● **Supplied data**
──────────

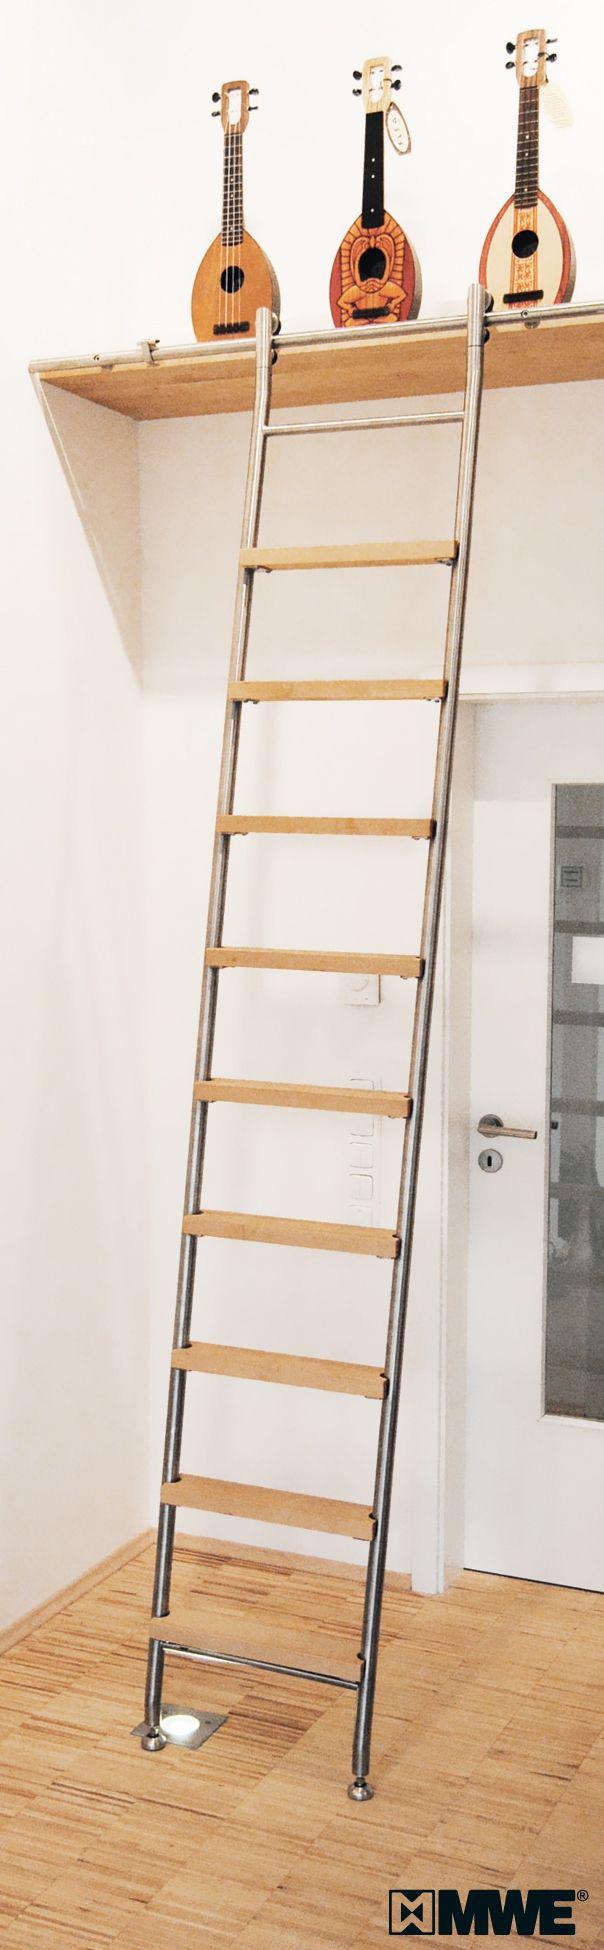 MWE SL.6004.KL Vario Ladder
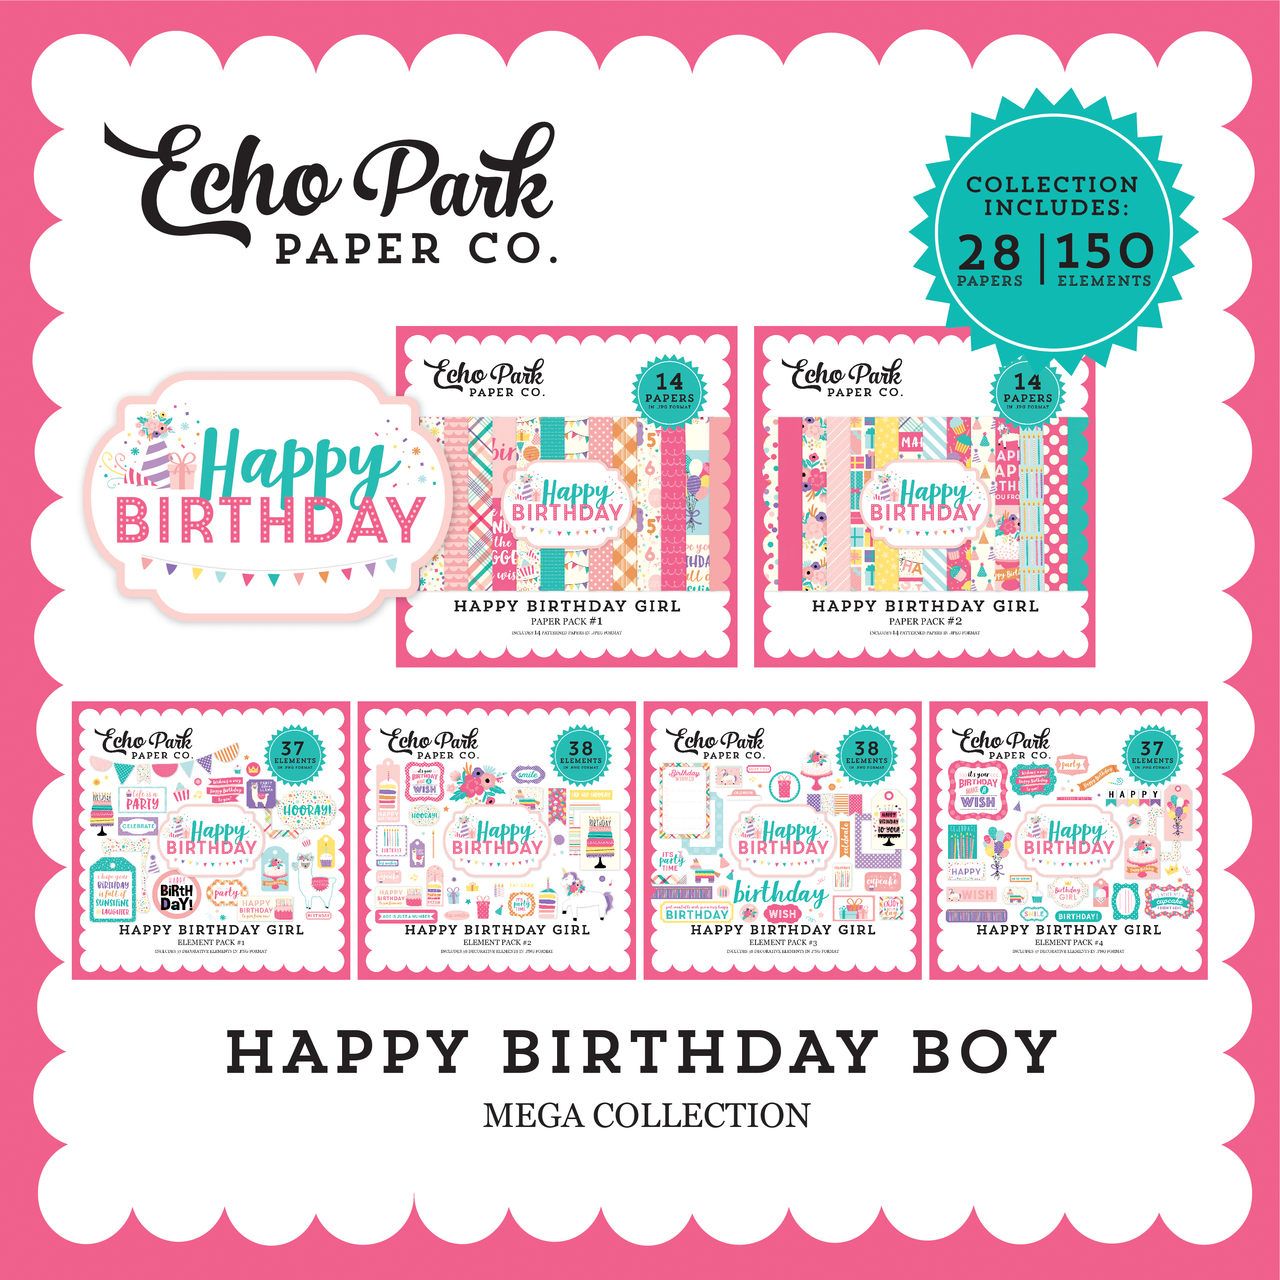 Happy Birthday Girl Mega Collection
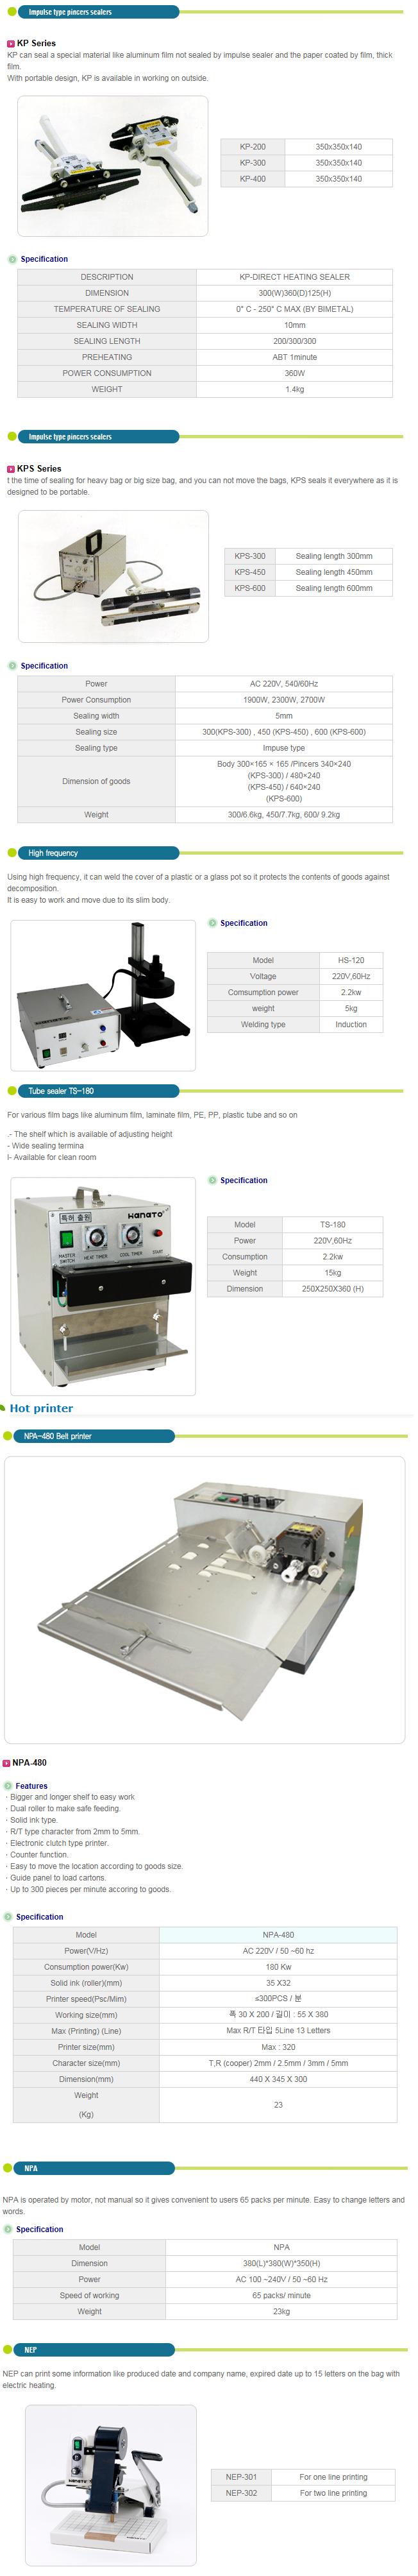 HANA Sealer / Hot printer

──────────

Copy only the lines running from the one that holds "Happy Birthday Girl Mega Collection" through the last line of the data, and include both of those lines. Do not copy any pictures.

 Happy Birthday Girl Mega Collection
 HANA Sealer / Hot printer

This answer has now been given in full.